Le libre, comme toujours, propose une vision si attrayante, si facile, si attractive. Personne ne veut voir les couts cachés, les pertes d’autonomies, les fuites de compétences à l’étranger.

Soyez aussi inspiré par le libre que par ce qui se passe avec Google en ce moment ! Google, le grand défenseur du libre qui est en train de mettre à bas toute l’industrie de l’information et du livre. Étonnant que tous les analystes aient vu le danger que représentait Ruppert Murdock (grand méchant loup de capitaliste qui a racheté tout ce qui bougeait à une époque) et pas celui représentait par Google (mon ami Google !).

Équilibre : c’est le maitre mot qu’il faut conserver quoi qu’il en coute.

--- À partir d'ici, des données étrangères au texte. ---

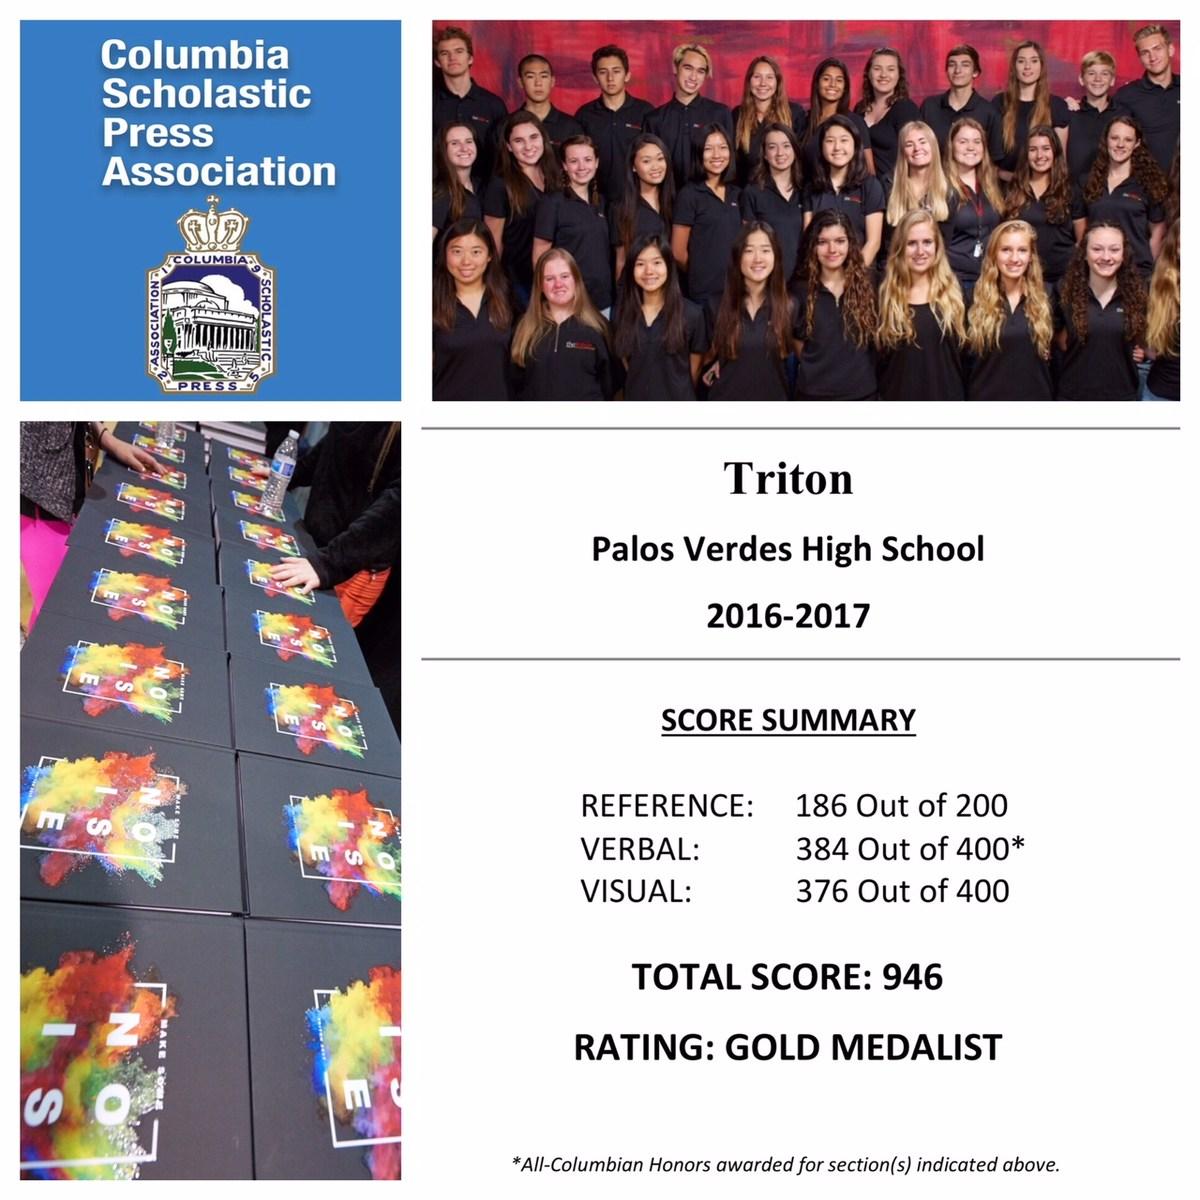 CSPA Triton Gold Medalist 2016-17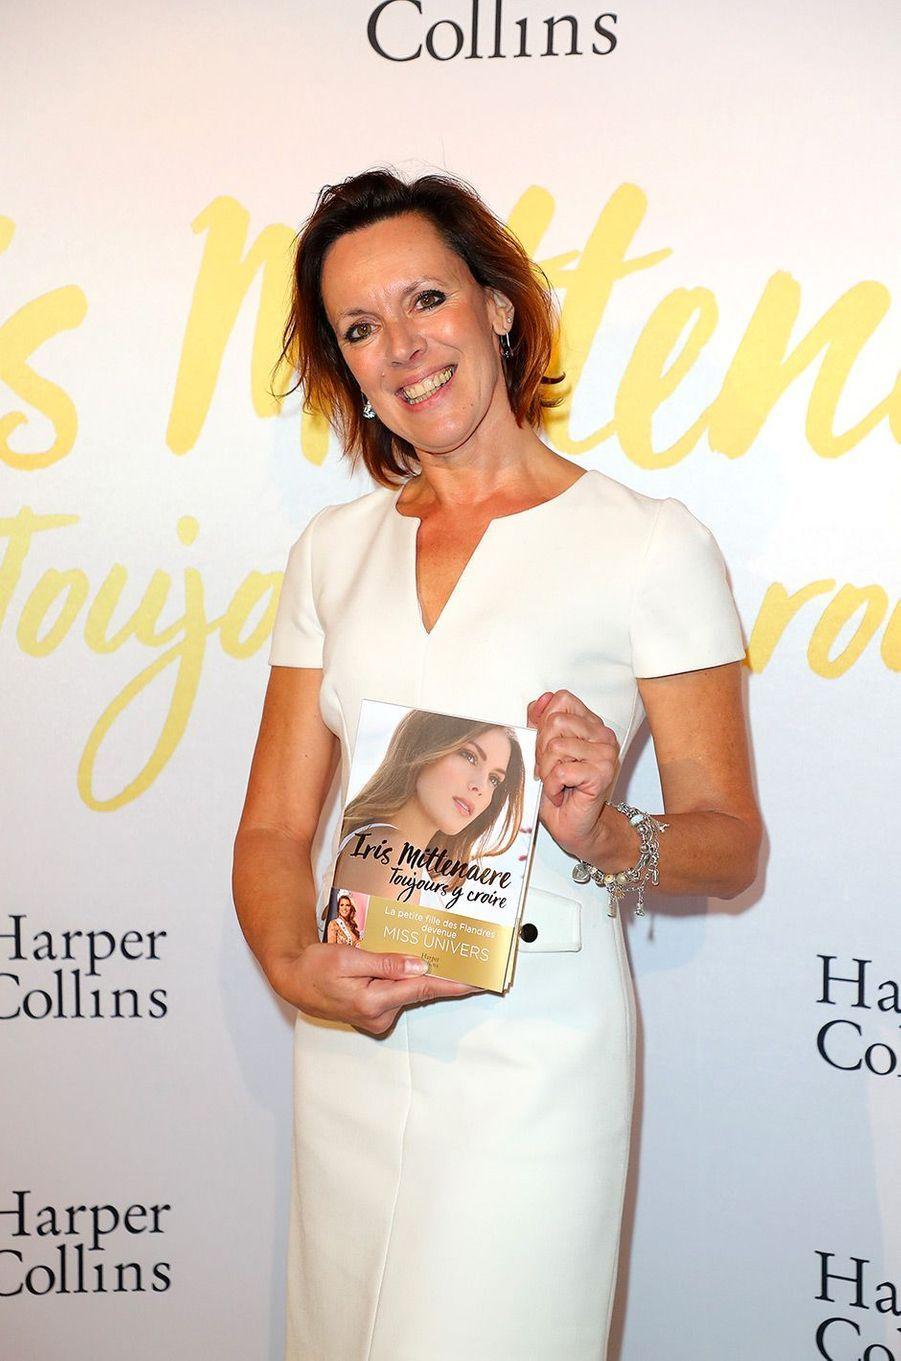 """Laurence Druart, la mère de Miss Univers, à la soirée de lancement du livre """"Toujours y croire"""" d'Iris Mittenaere, mardi 6 novembre"""

L’enseignant est encore une fois présenté comme une victime qui « subit un outil, un support, des contenus imposés et non agile » ! Ne trouvez-vous pas que c’est abusif comme description ? Donc les autres salariés du monde (tous métiers confondus) sont, eux, libres de choisir leurs outils, les contenus qu’ils manipulent et les orientations de leur travail ! Mais quand va-t-on arrêter de considérer le travail d’enseignant différemment des autres emplois ? Dans ce cas le médecin, le maçon, le boulanger et tous les autres devraient aussi être considérés unitairement dans leurs spécificités.

Universalité : c’est le second maitre mot. Le numérique s’impose et transforme comme la voiture, le chemin de fer, les évolutions de la médecine, etc … Faire croire que l’on peut éviter cette conséquence c’est d’emblée poser les conditions de l’échec.